Current trade agreements are great at creating more billionaires, not so much at protecting the interests of workers. 

(This commentary was originally published by YES! Magazine on April 13, 2018.)

On Thursday, President Trump flipped his position on the Trans-Pacific Partnership trade agreement, suggesting the U.S. might want to rejoin the pact. His announcement sent Wall Street indices shooting upward in jubilation and angered labor leaders. It left China—which has been sorting out how to respond to Trump’s announced steel and aluminum tariffs— even more bewildered as criticism grows of its “Made in China 2025” initiative to dominate the high-technology sector.

Trump’s about-face is especially striking given that exiting the TPP was a crucial plank in his economic agenda on the campaign trail and one of his first acts as president. That pledge played well to the frustrations of people who know the global economy is ripping them off and are understandably angry.

Trump was right in his claim that trade agreements such as the TPP are bad for American workers. They are not written by or for workers. The key players in their negotiation are transnational corporations that are looking to increase their profits by guaranteeing their unimpeded access to cheap labor, resources, and consumer markets, and freedom from taxes and regulations.

Trump is convinced that other nations are not playing fair. There too he is right. But they are not playing to benefit their workers, either.

Let’s look at China. Are Chinese workers ripping off American workers? Chinese workers work long hours under often grueling and dangerous conditions. The pay is miniscule, and sometimes workers toil in conditions akin to modern slavery. The air in many major Chinese cities is dangerously polluted.

Adding insult to injury, few Chinese workers can afford to buy the products they make. These products are produced for the benefit of wealthier consumers, including those in the United States. Ironically, many Americans can only afford to buy cheaper Chinese goods, because their jobs have been eliminated by automation or shipped overseas to low-wage markets, including China.

So who is benefitting? According to Forbes, China now has more billionaires than the United States, and is creating two new ones every week.

Imagine the world’s leaders all wake up one day and realize that they should work to meet the needs of people everywhere and repair the damage to the Earth and the environment.

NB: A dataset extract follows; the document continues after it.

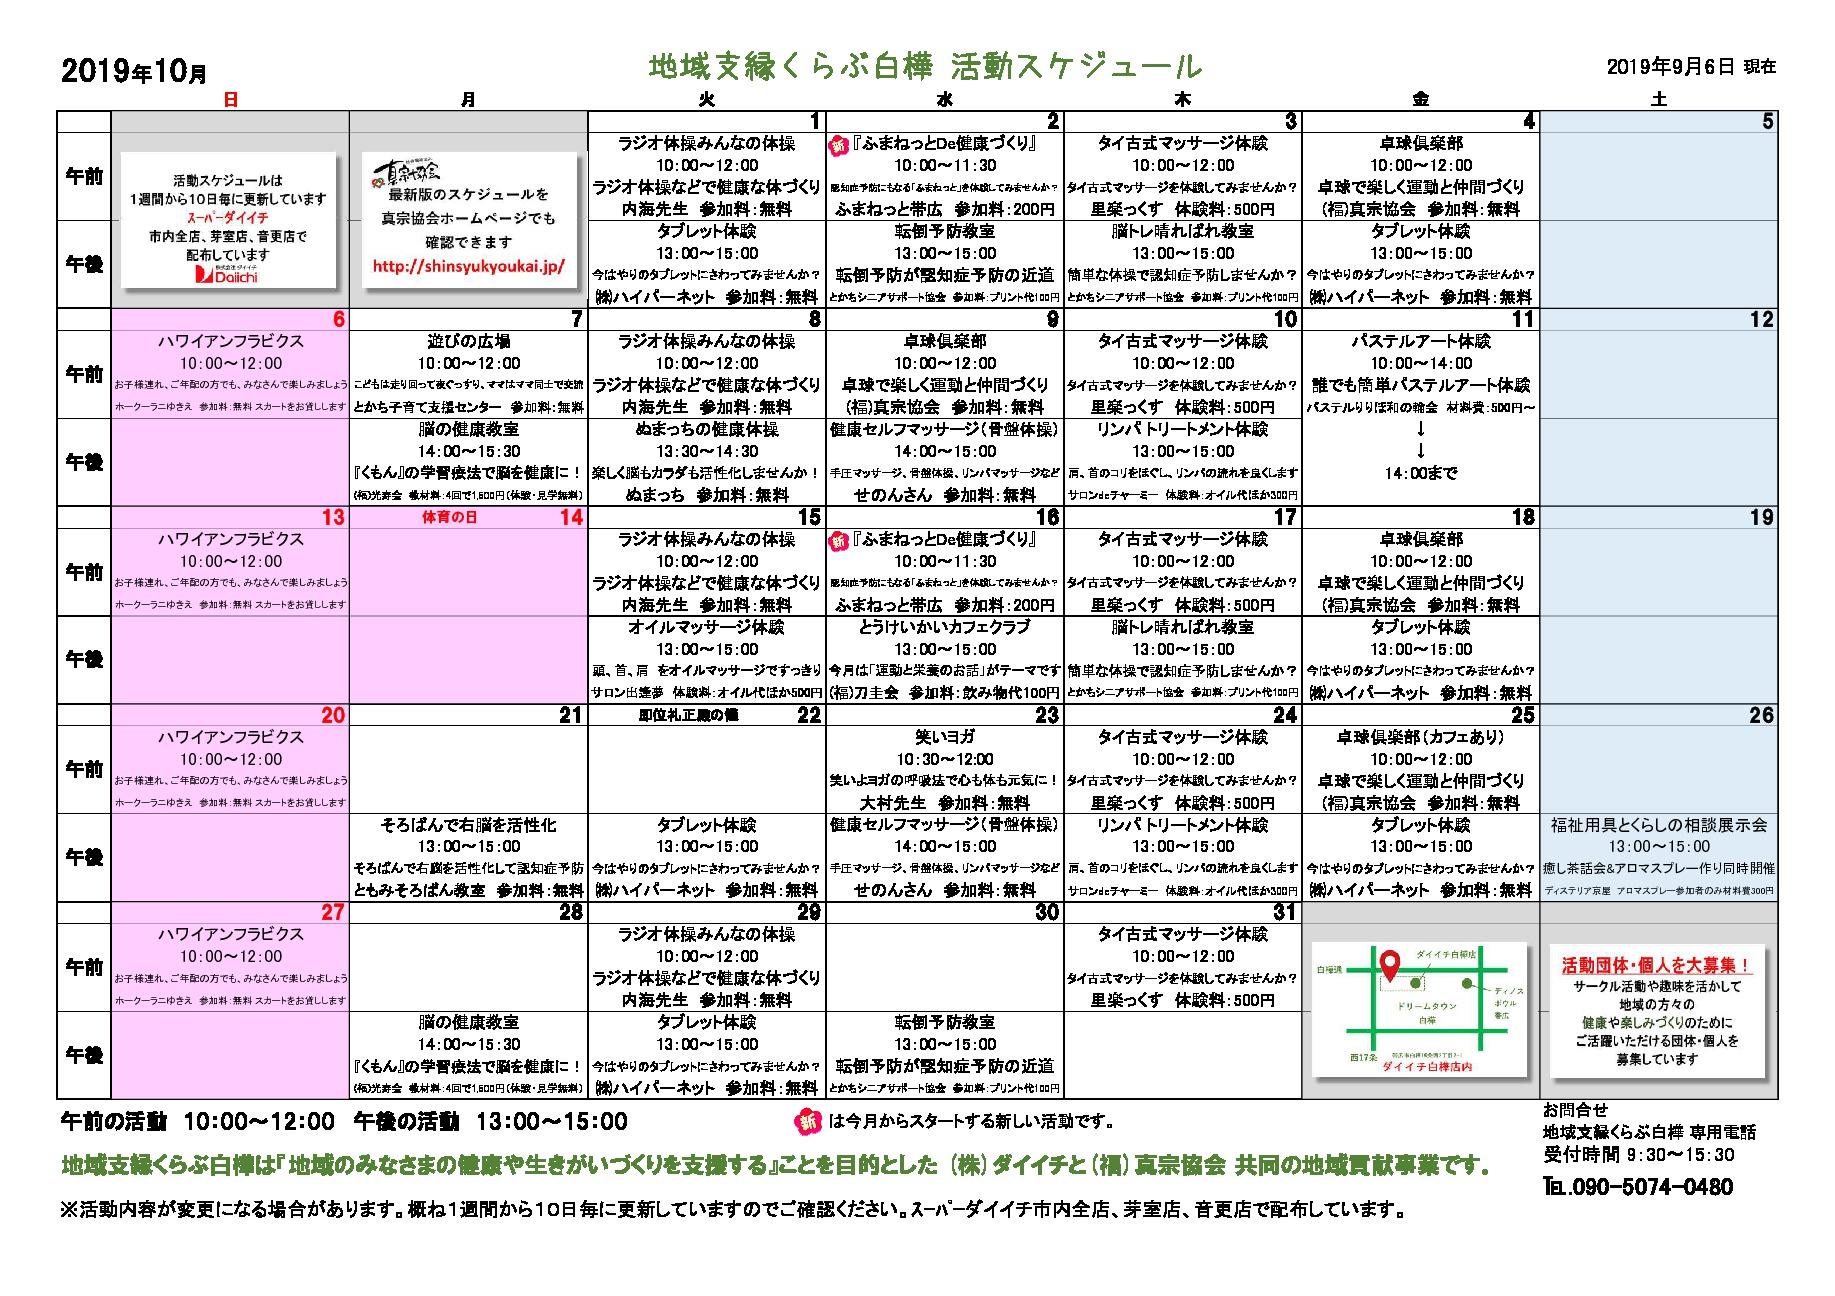 2019活動スケジュール10(2019.9.6付)のサムネイル
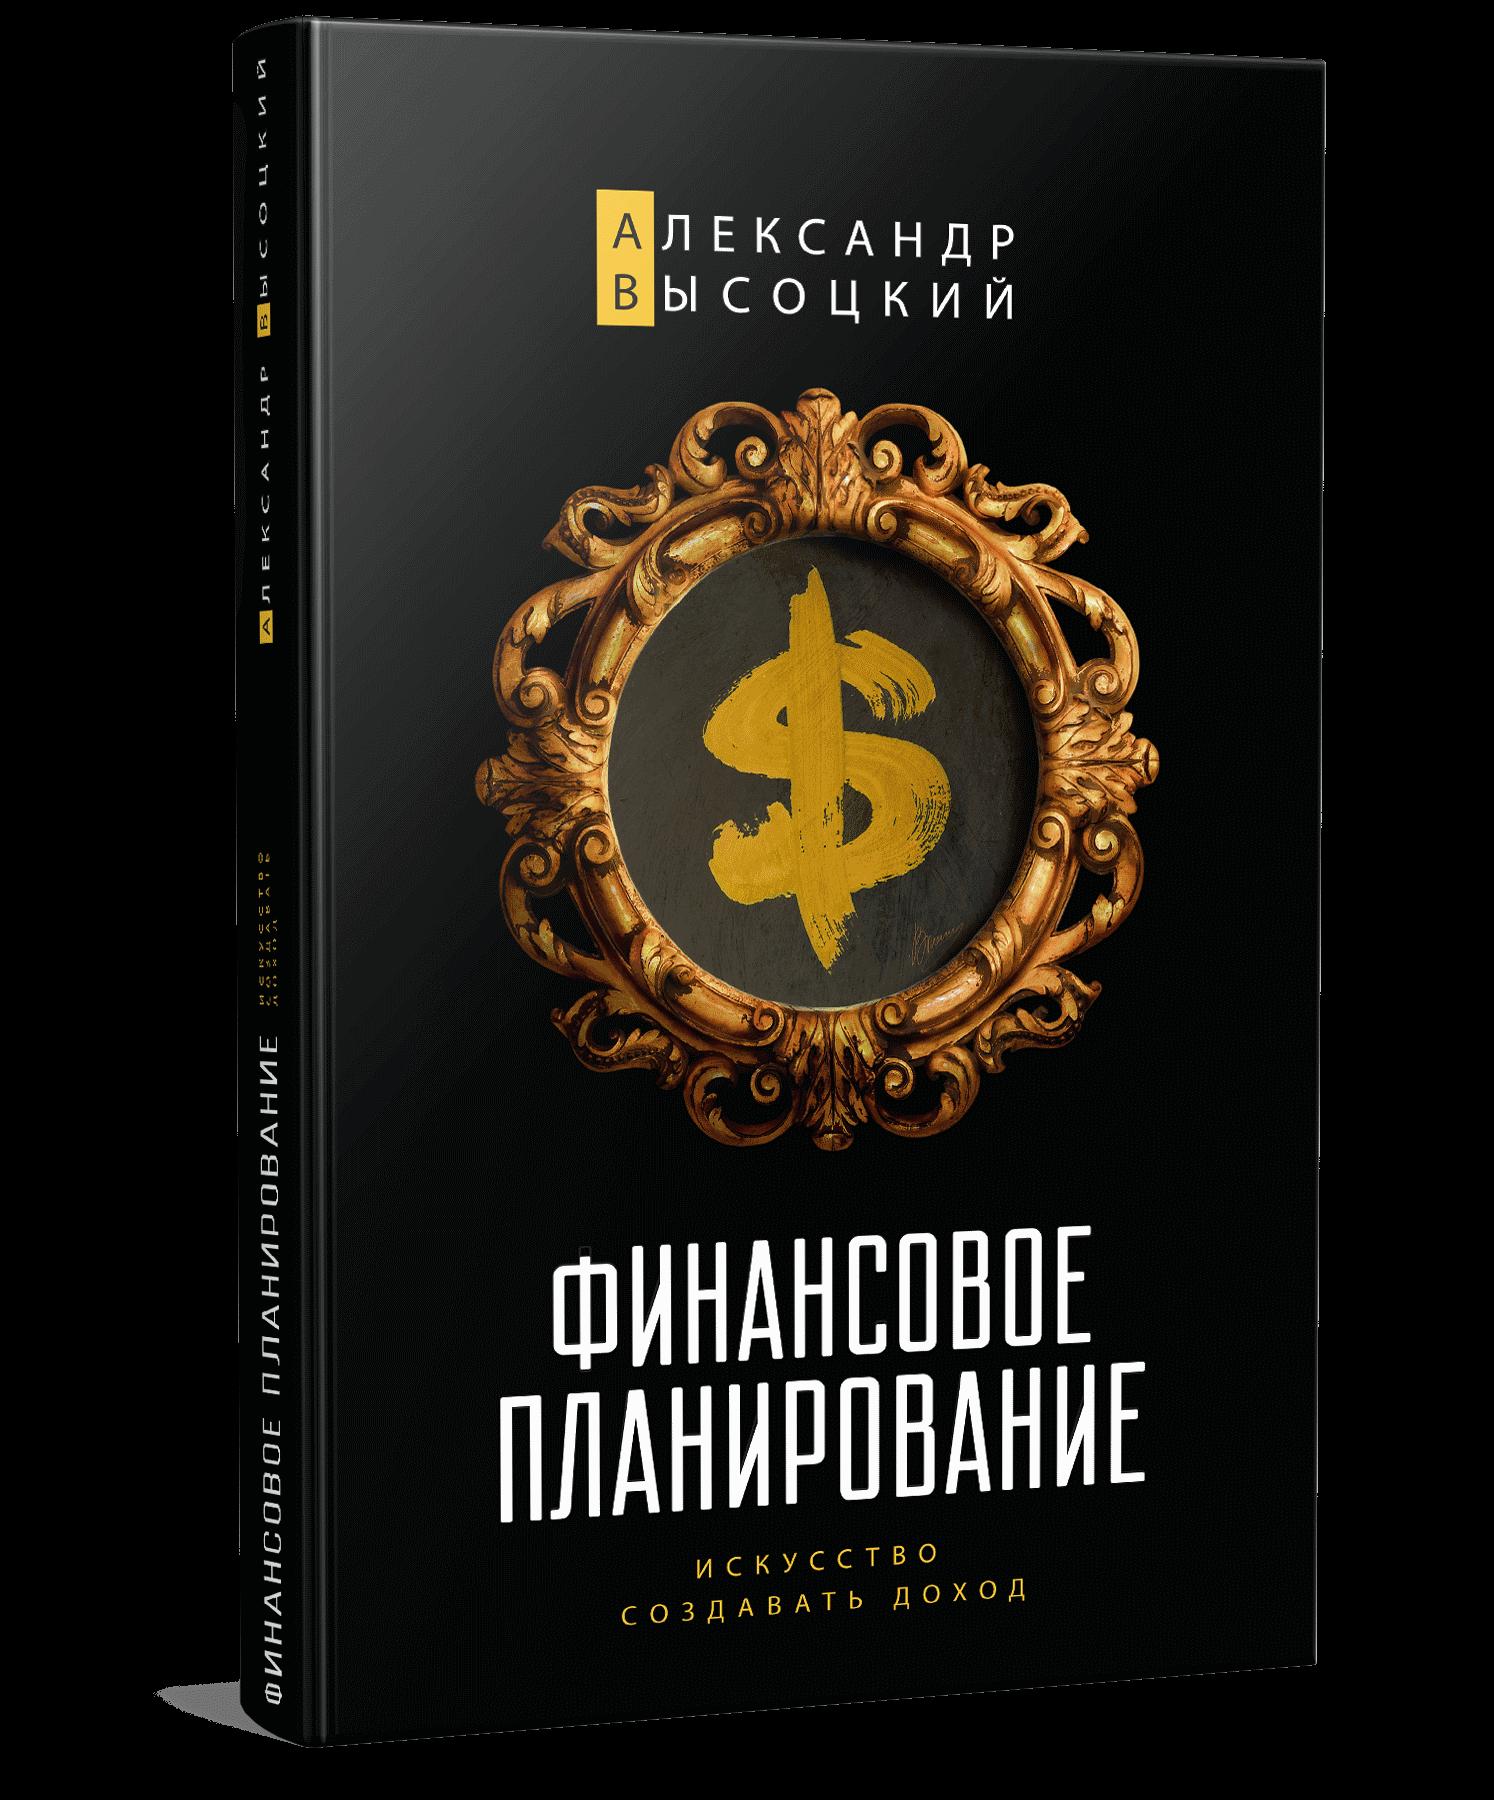 """Книга Александра Высоцкого """"Финансовое планирование. Искусство создавать доход"""""""

Current trade agreements work great if the goal is to create new billionaires. They fail dismally if we assume their goal is to benefit working people—regardless of nationality. We have a desperate need to agree on new rules. Pitting nation against nation in trade wars is not the answer. We need more cooperation, not more competition.

How might that work?

Try this thought experiment: Imagine the world’s leaders all wake up one day and realize that they should work to meet the needs of people everywhere and repair the damage to the Earth and the environment. They would realize quickly that they would have to reorganize the economic rules and structures that put corporate interests above people’s needs and bar national and local governments from acting otherwise.

Imagine these insights lead them to work out a plan aimed at framing international agreements that allow nations to meet these new targets within their respective jurisdictions: a healthy and secure environment, full employment with living wages and high health and safety standards, robust social safety nets, modern energy-efficient infrastructure, human rights protections for all people, political transparency, and democratic accountability.

Nations can only achieve such goals if they have sufficient control of their own economies. Fair and mutually agreed-to tariffs that promote local ownership and give preference to local businesses that pay local taxes, provide good jobs to local workers, and secure the health of local ecosystems will surely play an important role.

As the ideas gain momentum from the bottom up, leaders eventually will be compelled to follow or become displaced themselves.

“Made in China 2025” can be positive for everyone if it means China prioritizes the use by Chinese people of their own labor and resources to meet their own needs while honoring the right and responsibility of other countries to do the same for their people. Given the current reality, an assumption that such a conversation among world leaders might occur of its own volition is pure fantasy. It is less fanciful, however, to imagine ever-expanding circles of ordinary citizens joining in such conversations throughout the world supported and connected by the communications technologies now in place. As the ideas gain momentum from the bottom up, leaders eventually will be compelled to follow or become displaced themselves.

The president’s ever-changing positions on trade won’t get us there. Only we the people, organized and active, can build the momentum to restructure the world’s economies to work for everyone.